The evaluation phase was conducted with two goals. In order to answer RQ2: ”Is it possible to detect occurrences of accessing external resources through static analysis of the extension source code?” the effectiveness of the tool had to be evaluated. In addition, a systematic analysis of a larger set of extensions was done to be able to answer RQ3: ”What resources and services are more prevalently accessed in practice in popular extensions?”

Tool effectiveness

In order to evaluate the analyser’s effectiveness at detecting properties and methods that should trigger a permission message, the tool was compared to detecting these through manual review. This evaluation was done by selecting three popular extensions from the VS Code Extension Marketplace [27]. These were chosen according to three criteria. The extensions should be listed among popular extensions on the marketplace, in order to find references that represent commonly used functionality. They should be of different functionality, as to represent different types of extensions. While there are extension categories implemented in the marketplace, most extensions tend to be put into Other, why this would not necessarily be a good representation. They should also contain a reasonably sized code base, which is feasible to analyse manually in a limited time frame. The three chosen extensions are shortly described below.

• Bracket Pair Colorizer 2 - This extension colourises matching bracket pairs in unique colors, making it easier for the developer to quickly identify which opening and closing brackets are connected.

• Path Intellisense - This extension provides autocompletion when writing paths and filenames.

• Live server - This extension provides functionality to run a live development web server directly within the editor, with features such as live reload.

Manual review

The manual review was conducted by the author by opening the cloned extension repositories in VS Code. The aim was to manually identify all API usage that would result in triggering a permission message as described in Permissions. Each .ts source file of the extension were read individually, with the help of search via the Ctrl-F command and other built-in editor tools.

3.3. Evaluation

Analysis

By comparing the resulting permission messages of the manual and automatic review, results were divided into true/false positives/negatives. Here, the result of the manual review is treated as the true answers. Therefore, in this case, a true positive indicate that the permission was triggered by both reviews. False positives indicate that the analyser triggers a message that the manual review does not. False negatives indicate that the manual review triggers a message that the analyser does not.

From these results, a recall and precision metric could be calculated for each extension, indi-cating the effectiveness of the analyser.

Systematic evaluation

The second part of the evaluation aims to gather a statistical representation of how the Ex-tension API and node packages are used by exEx-tensions in general. This was done by gathering a larger set of extension to analyse using the tool.

The dataset was gathered by asking developers in at Cybercom, the company where the thesis was conducted, to submit the extensions they use in their daily work. This was done by asking two departments, via email, to share their list of installed extensions. Extracting this list is possible to do via a command added directly by VS Code, which was provided with the request email.

Listing 3.14: Bash command to extract installed extensions 1 code --list - extensions > extensions .list

The developers were then asked to share the extensions.list file with the author. After receiving them, the lists were treated anonymously without any reference to the developers they were provided by.
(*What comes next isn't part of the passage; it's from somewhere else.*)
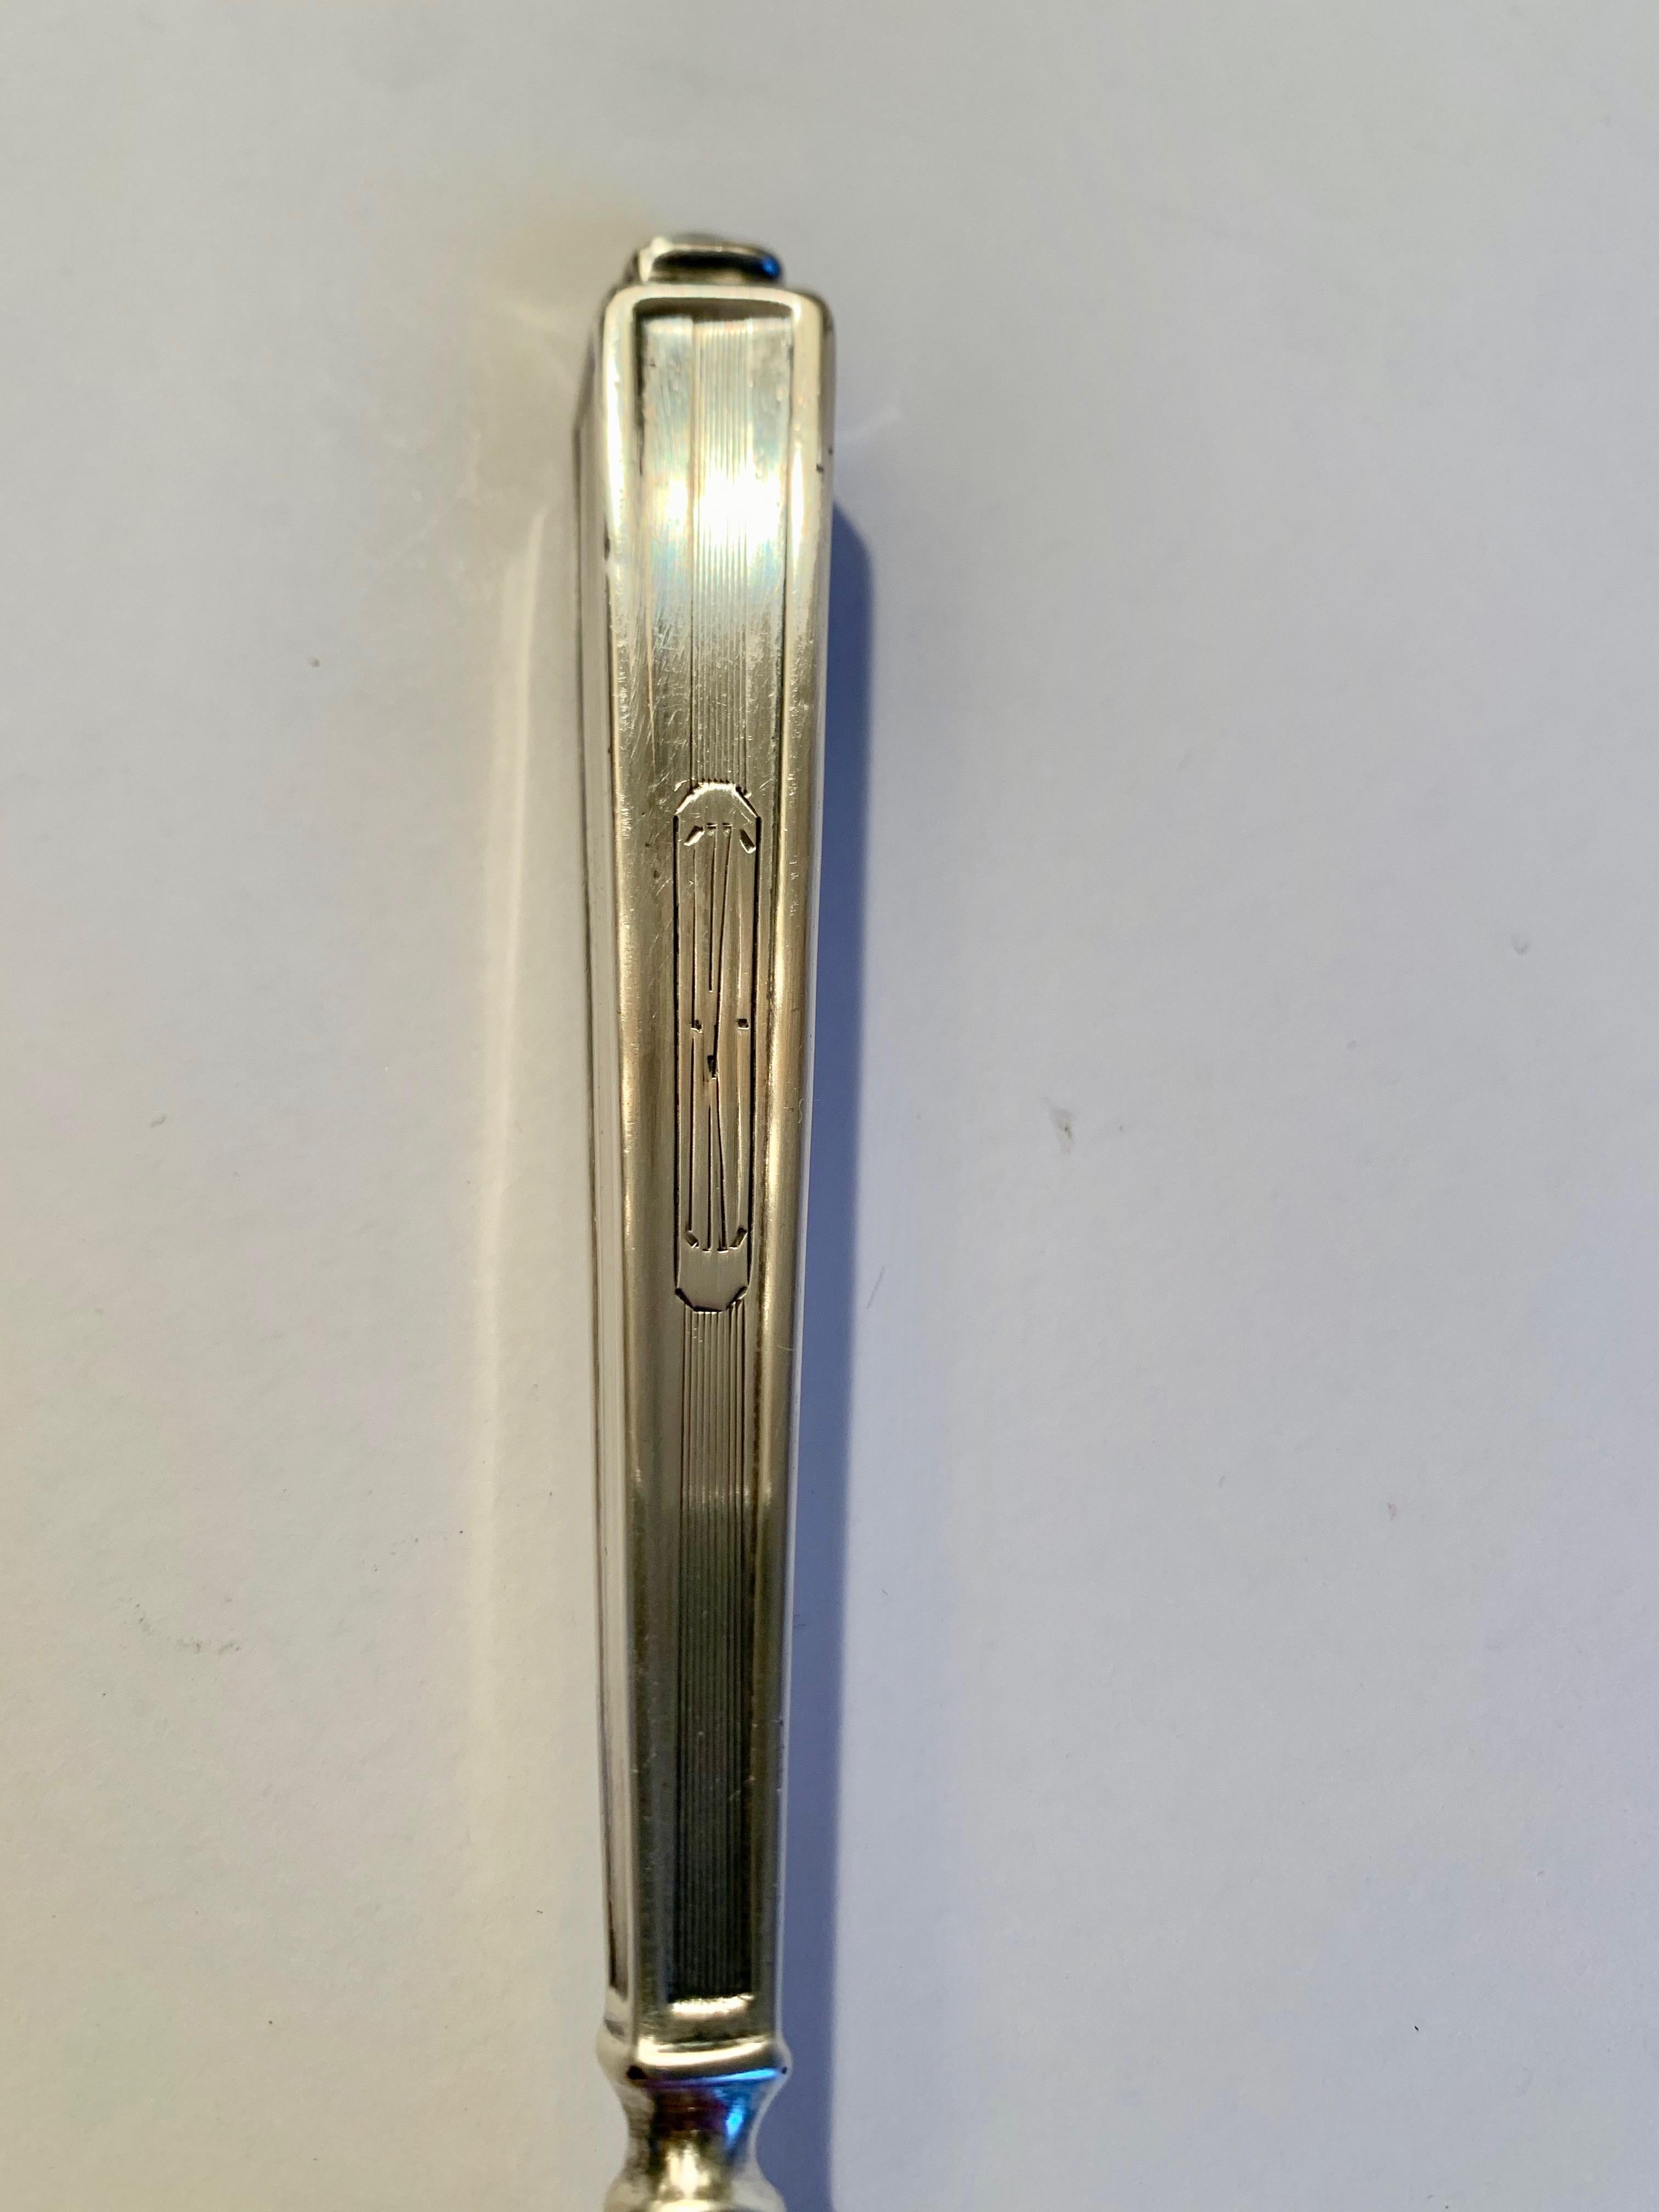 Art Deco shoe horn. The handle is sterling (not stamped). The horn portion of the shoe horn is silver plate.
A handsome piece for the dressing table or closet - unisex and in very good vintage condition

Once the list was compiled the extensions were manually checked by the author to conclude that the extensions were of a varied functionality, and of generally high popularity on the marketplace. In addition, extensions that only supply code snippets or colour themes were filtered out of the list as well, as these do not use any scripting, and is therefore not compatible with the analyser. Finally, a set of 56 extension had been gathered which can be seen in appendix A, and the Git repository of each extension was cloned into a subfolder of the analyser. An additional script was then added to the analyser, which runs the analysis on each extension in this folder, combining the results of each pass into a single JSON file grouped by extension.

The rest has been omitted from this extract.